Non-pharmacological approaches such as physical and occupational therapy decrease the duration of delirium and should be encouraged. The use of pharmacologic agents to prevent delirium is not recommended, as there is no compelling data to demonstrate that this reduces the incidence or duration of delirium. Page and colleagues randomized 141 mechanically ventilated patients to receive haloperidol 2·5 mg or placebo intravenously every 8 h, irrespective of coma or delirium status [33]. Patients in the haloperidol group spent the same number of days alive, without delirium, and without coma as did patients in the placebo group.

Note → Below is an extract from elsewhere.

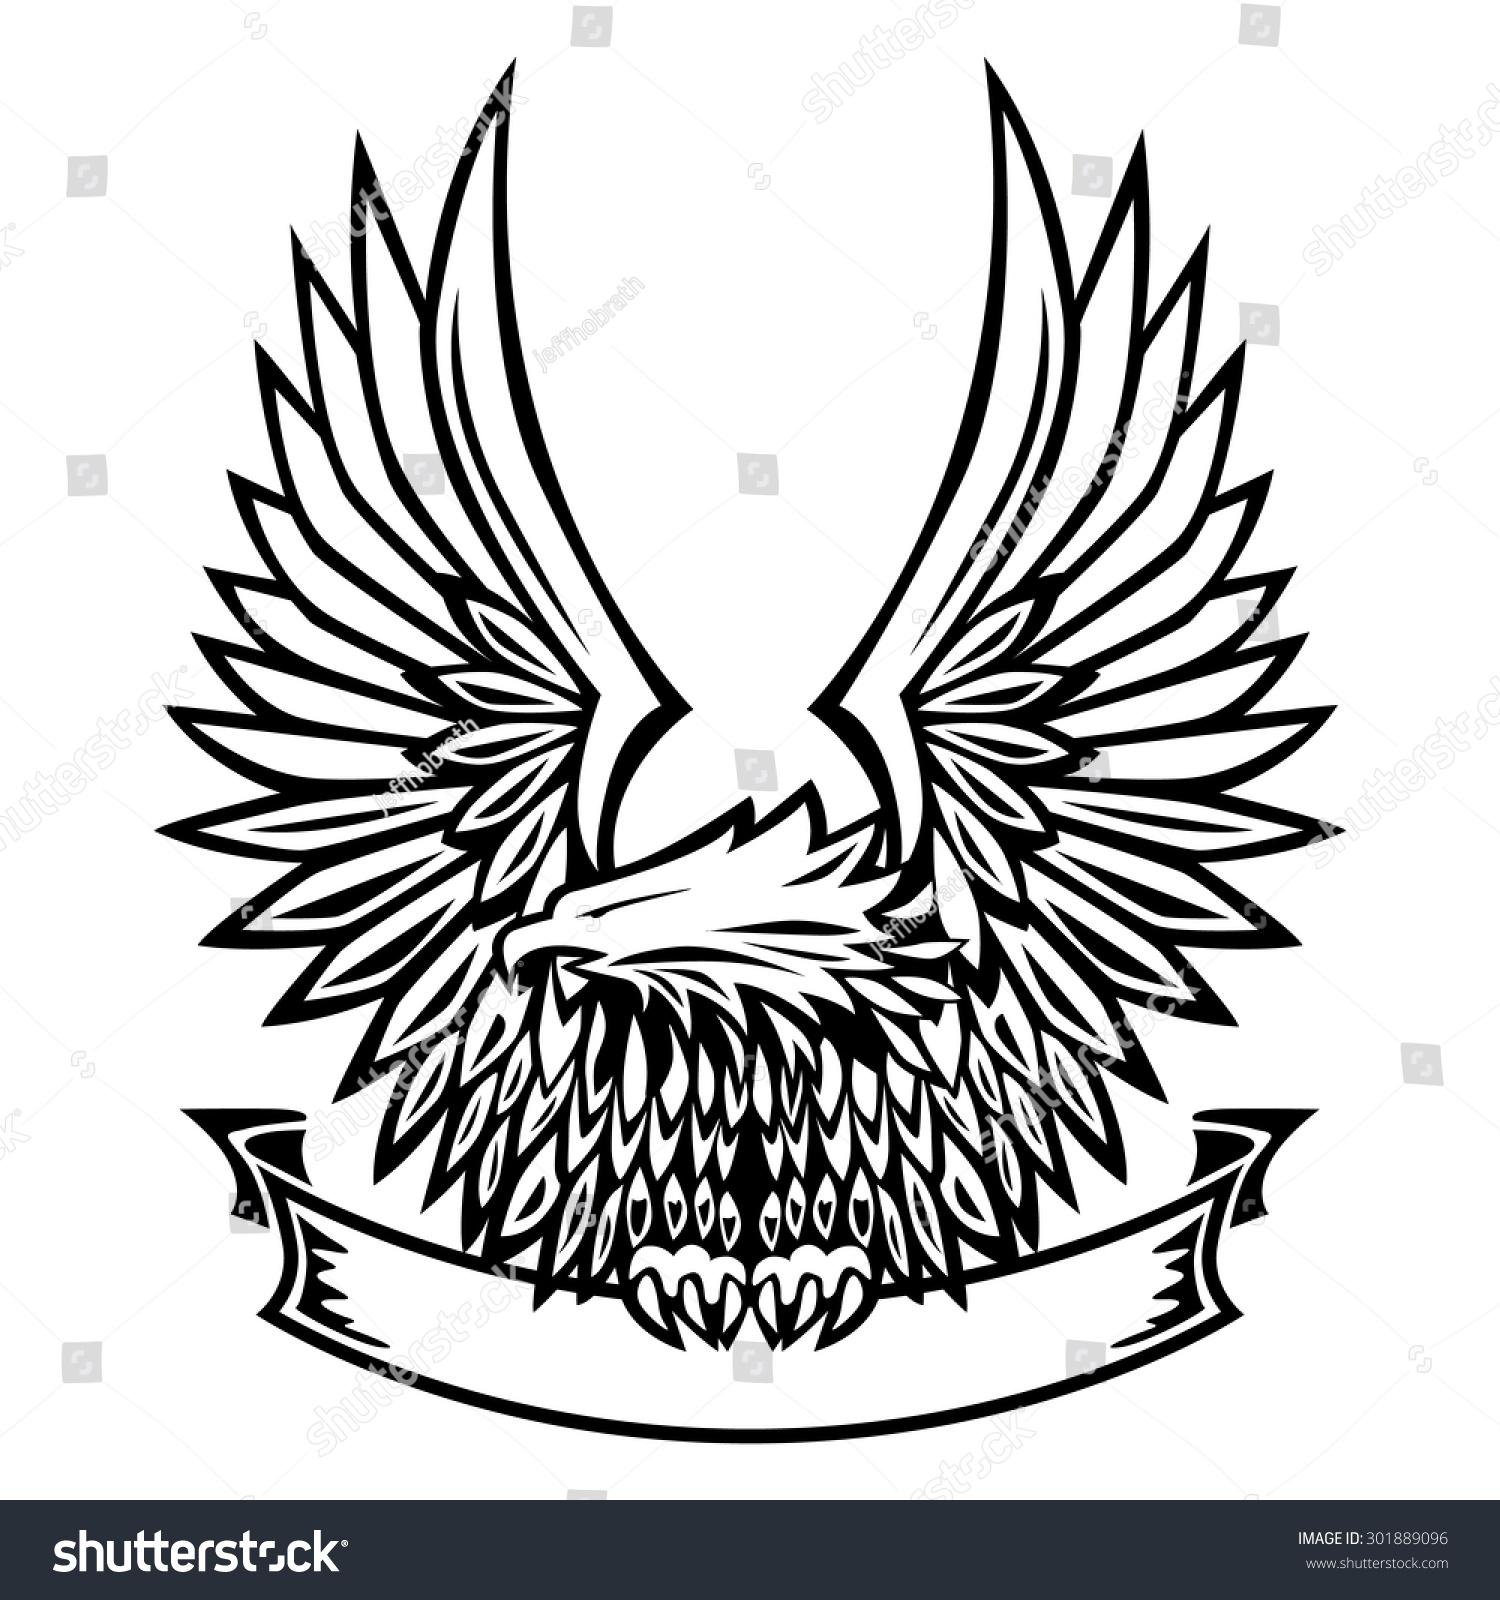 eagle wings vector www pixshark com images galleries bald eagle clip art free bald eagle clip art printable

Traditionally haloperidol has been used to treat delirium in the ICU. There is however no published evidence that treatment with haloperidol reduces the duration of delirium. Girard et al. randomized 101 mechanically ventilated patients with delirium/coma to receive haloperidol, ziprasidone, or placebo every 6 h for up to 14 days [34]. Treatment with antipsychotics did not improve the number of days alive without delirium or coma, nor did it increase adverse outcomes. Devlin et al. performed a double-blind, placebo controlled, multicenter study which evaluated the efficacy and safety of quetiapine in 36 ICU patients diagnosed with delirium [35]. Rescue intravenous haloperidol was allowed to be used in both groups. The results showed that quetiapine was associated with quicker resolution of delirium, reduced time of delirium and agitation, and reduced haloperidol requirement compared to placebo. There was however no difference in the duration of ICU stay, length of hospitalization, and hospital mortality. Two clinical trials have found that antipsychotics, compared with placebo, hasten the resolution of delirium in hospitalized patients without critical illness. Hu et al. found that haloperidol and olanzapine each led to earlier improvements in Delirium Rating Scales scores among 175 elderly patients, compared with placebo [36]. Similarly, Kalisvaart et al. found that haloperidol reduced the severity and duration of delirium among elderly patients undergoing hip surgery, compared with placebo [37]. These data suggest haloperidol has a limited role in the treatment of delirium. Atypical antipsychotics may reduce the duration of delirium (see Table 15.1). Dexmedetomidine has been demonstrated to reduce the duration of delirium and may be the agent of choice in these patients [38].